Одно дело в Швортелях, другое — на фронте. Где выход?
Мать отпустила сынишку. Тот уже не прятался за шинелью, а, поднявшись на носки, макал пальчик в щербатую чашку, в опавшую мыльную пену. Сама Алвина навалилась мужу на плечо и снова начала сдавленным, полным горечи и отчаяния голосом:
— Я знаю, Петерис, весь мир воюет, и я вовсе не хочу выставлять напоказ свои слезы, колотить себя в грудь: глядите на меня, сжальтесь над святой мученицей. Но наша семья уже ведь пожертвовала одного на алтарь войны. Не довольно ли? В театрах показывают трагедии... а нам никакие театры не нужны... мы сами играем трагедии...

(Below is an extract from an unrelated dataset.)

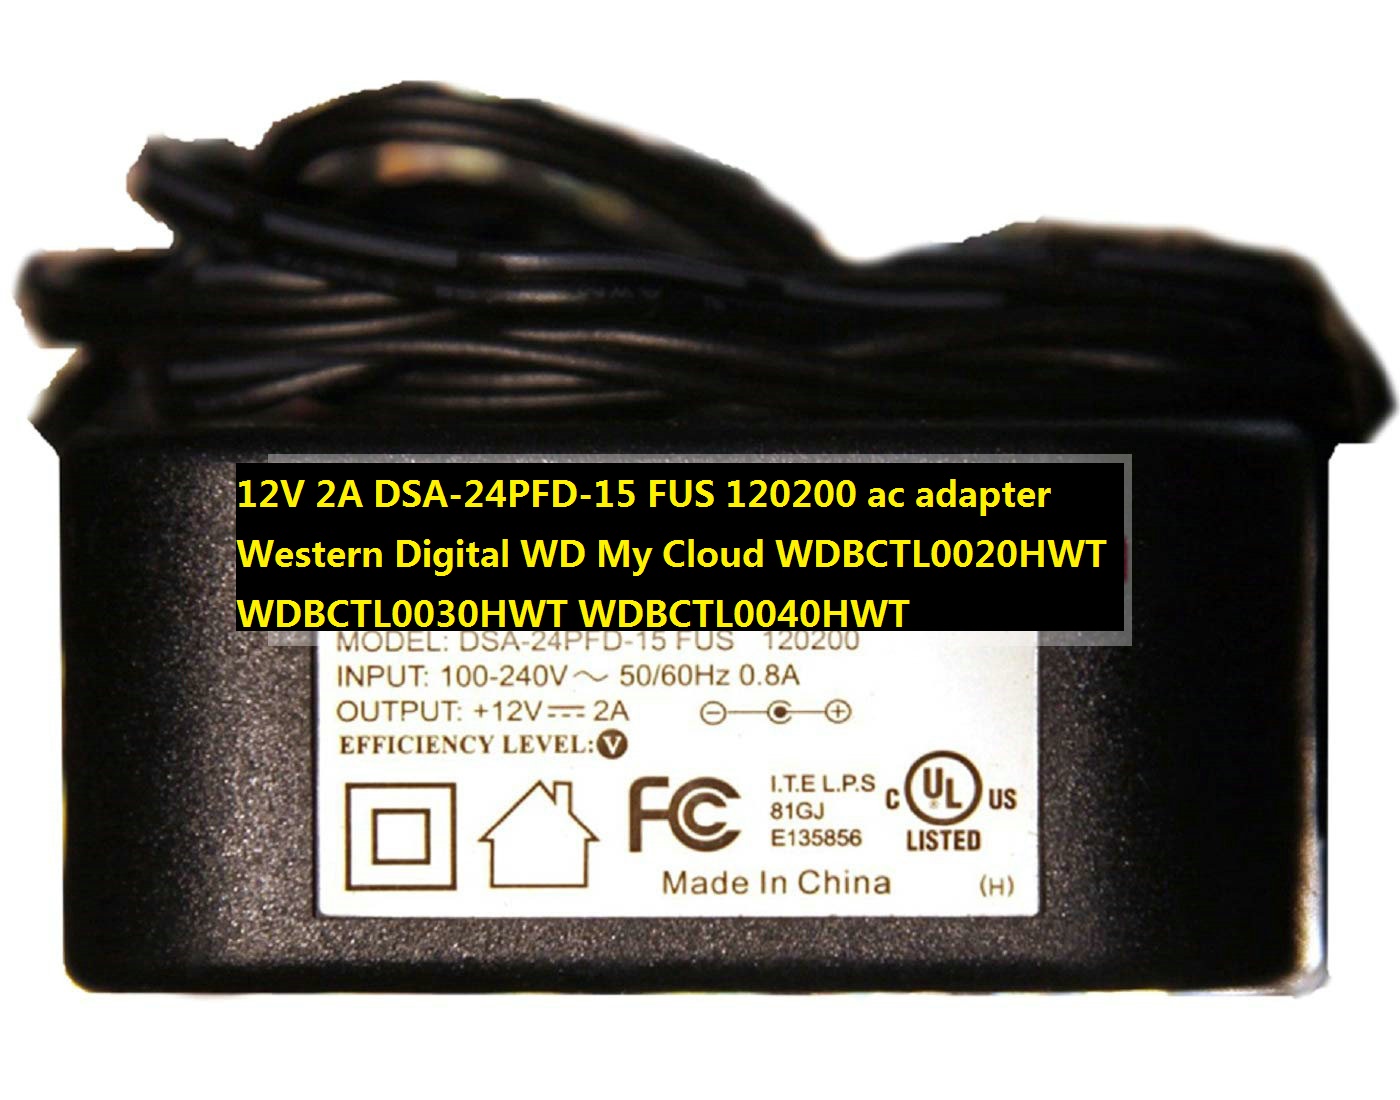 *Brand NEW* 12V 2A DSA-24PFD-15 FUS 120200 ac adapter Western Digital WD My Cloud WDBCTL0020HWT WDBCTL0030HWT

Петерис молчал. Он даже не шелохнулся.
— Бог ты мой, не будь слепым. Ведь люди с фронта бегут... бегут...
Петерис поднял голову. Его глаза затуманились.
— Это не для всех людей годится...
— Для всех людей... Пушечное мясо вы, а не люди, согнали вас в окопы, как баранов на бойню.

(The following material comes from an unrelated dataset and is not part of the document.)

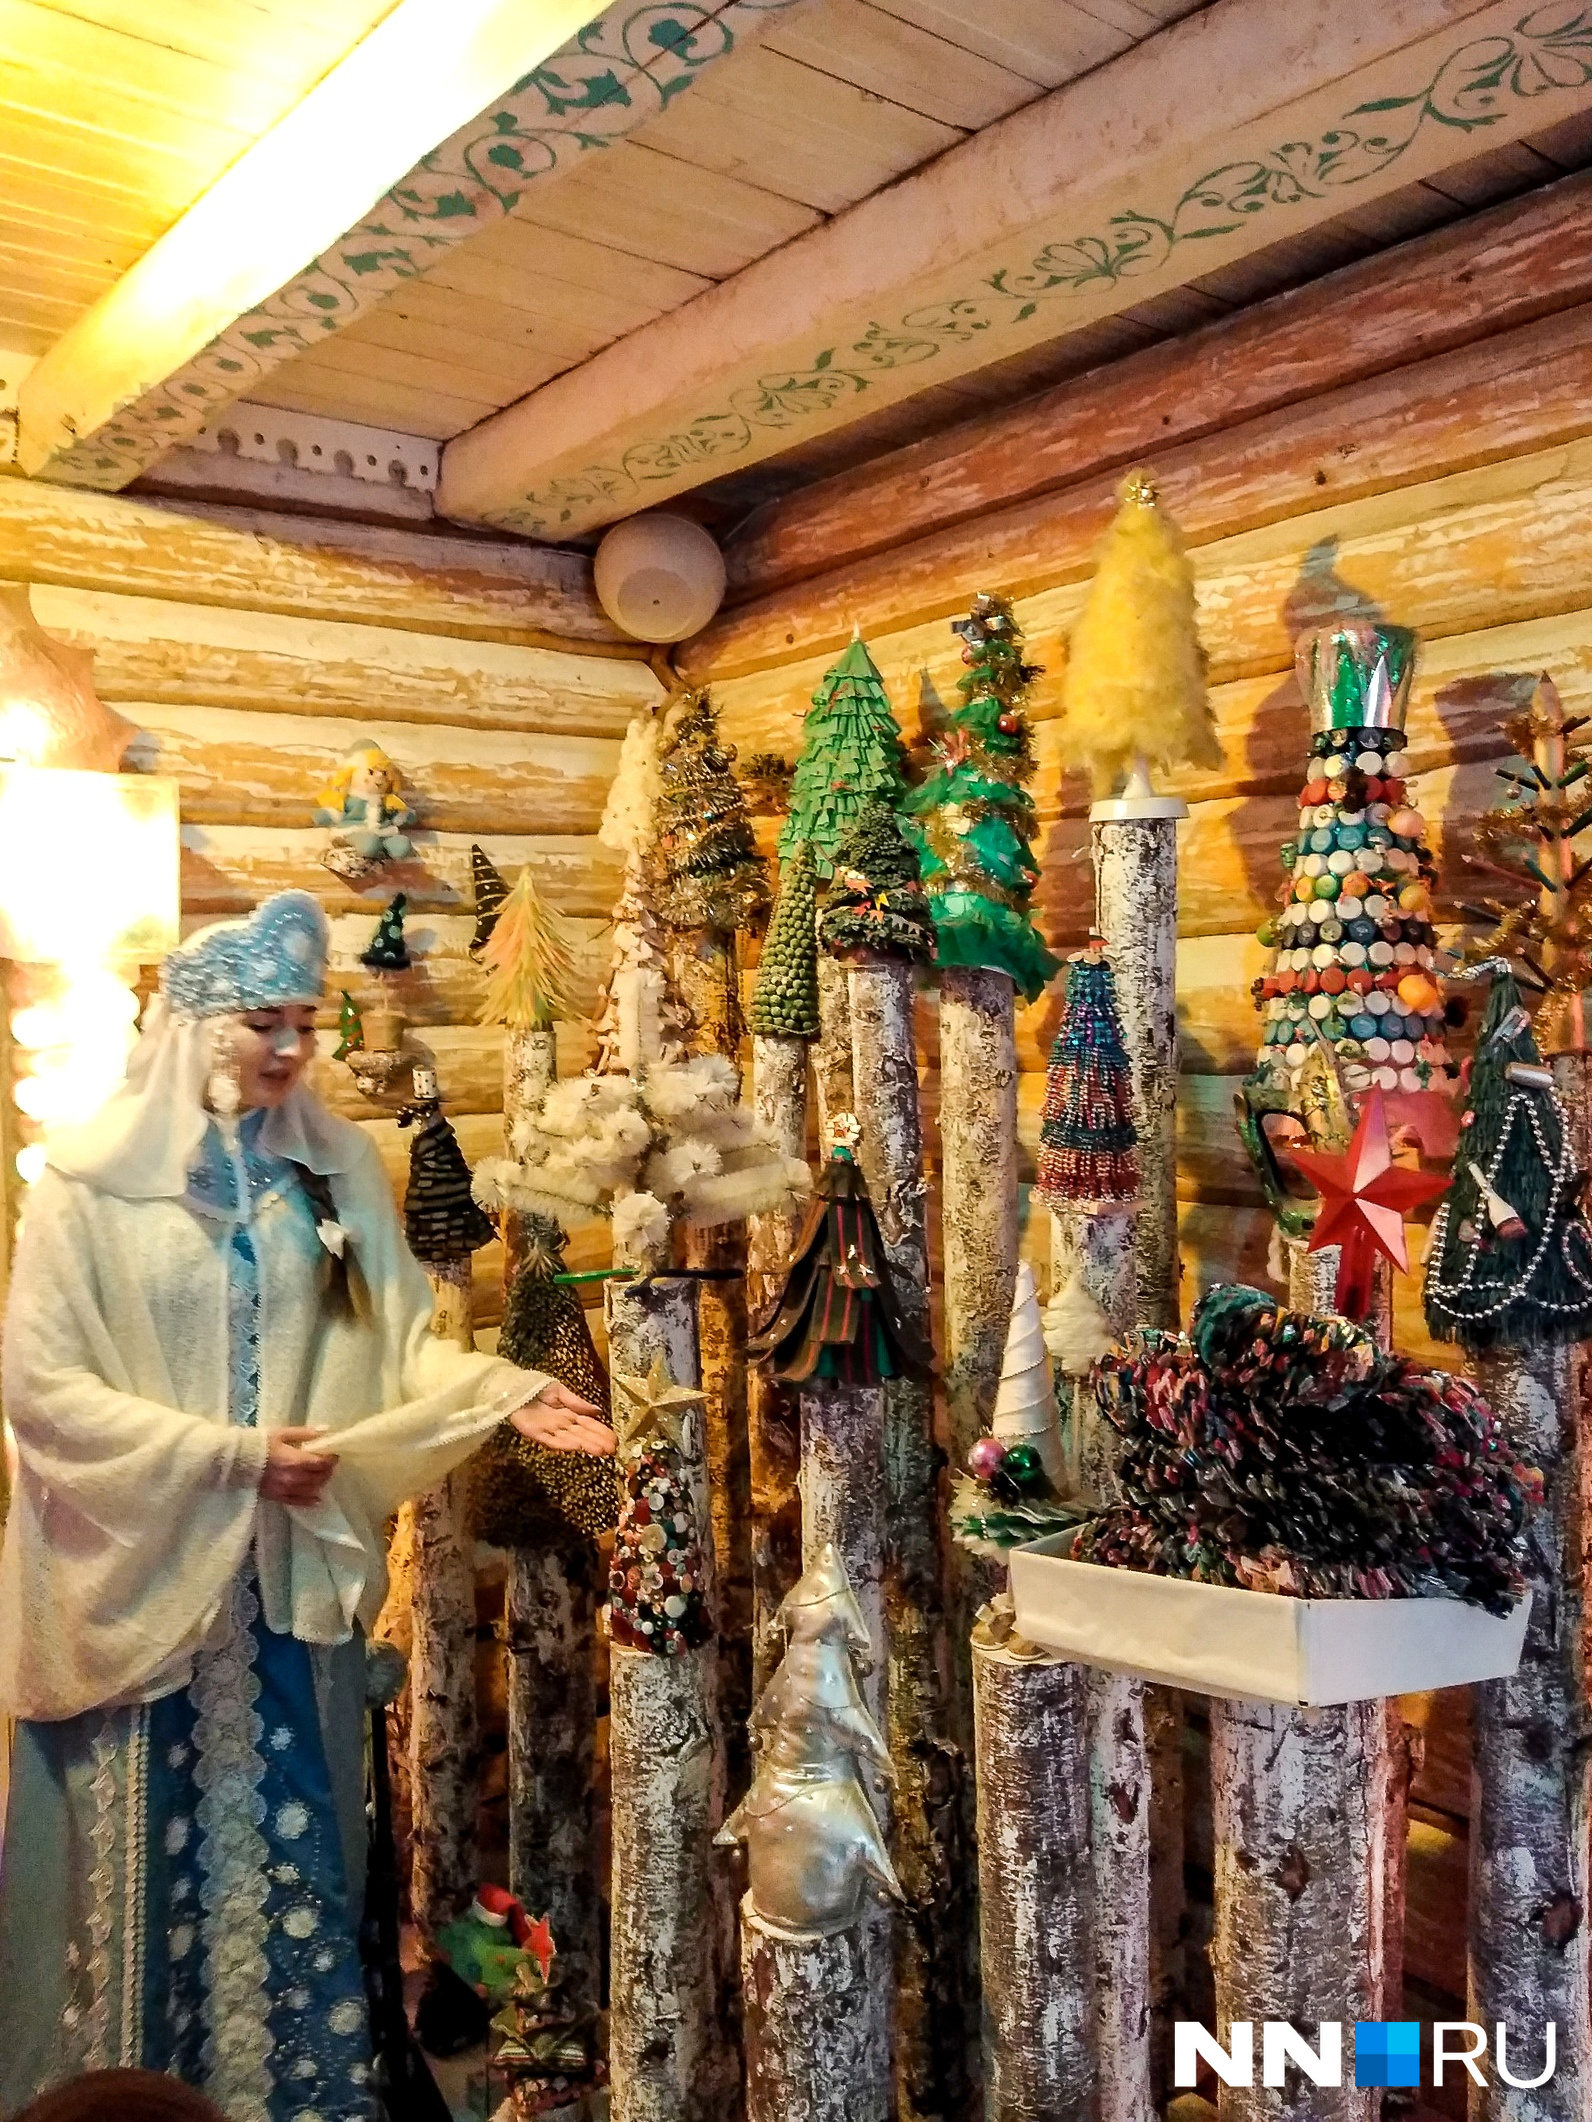 Рукодельные елочки присылают Снегурочке со всей России. Скопилась немаленькая коллекция

Петерис еще выше вскинул голову.
— Да, мы были баранами. Как тебе объяснить это. Помнишь, когда мы познакомились... как я тогда запинался. Мы уже целовались, а я толком так ничего и не сумел тебе сказать...
Она хорошо это помнила, помнила милого, неуклюжего медведя!
— Если б подыскала ты мне этих Швортелей еще весною — тогда другое дело. Я бы ни секунды не колебался. Знаешь... — Он покачал головой. — Иногда хотелось в мышь, в крота превратиться. Любой твари я тогда завидовал. Вот тогда я сказал бы тебе: спасибо, избавила меня от фронта, И торчал бы я в запечье вместе с прусаками и сверчками... Отсиживался бы в погребе с лягушками и жабами. Достал бы костыли и прыгал бы по твоим Швортелям, как воробей. Но теперь не могу... не уговаривай...
Алвина сухо спросила:
— Что тебе дадут эти Советы? Вы решили: всю власть Советам. А где ты видел на свете такую власть? Поналезут в ваши Советы всякие господчики.
— А что такое Советы? — резко ответил Петерис вопросом. — Мы сами! Фабричные рабочие, батраки, ремесленники... Так это мы, по-твоему, в господчиков превратимся? Не говори мне: Лапйни навоевались... Если на мир твоими глазами смотреть, то, может, оно и так. Но я из тех, кто понял теперь, как надо громить этих гадов... Трудно мне все это объяснить... Если бы у меня такой гвоздь мудрости...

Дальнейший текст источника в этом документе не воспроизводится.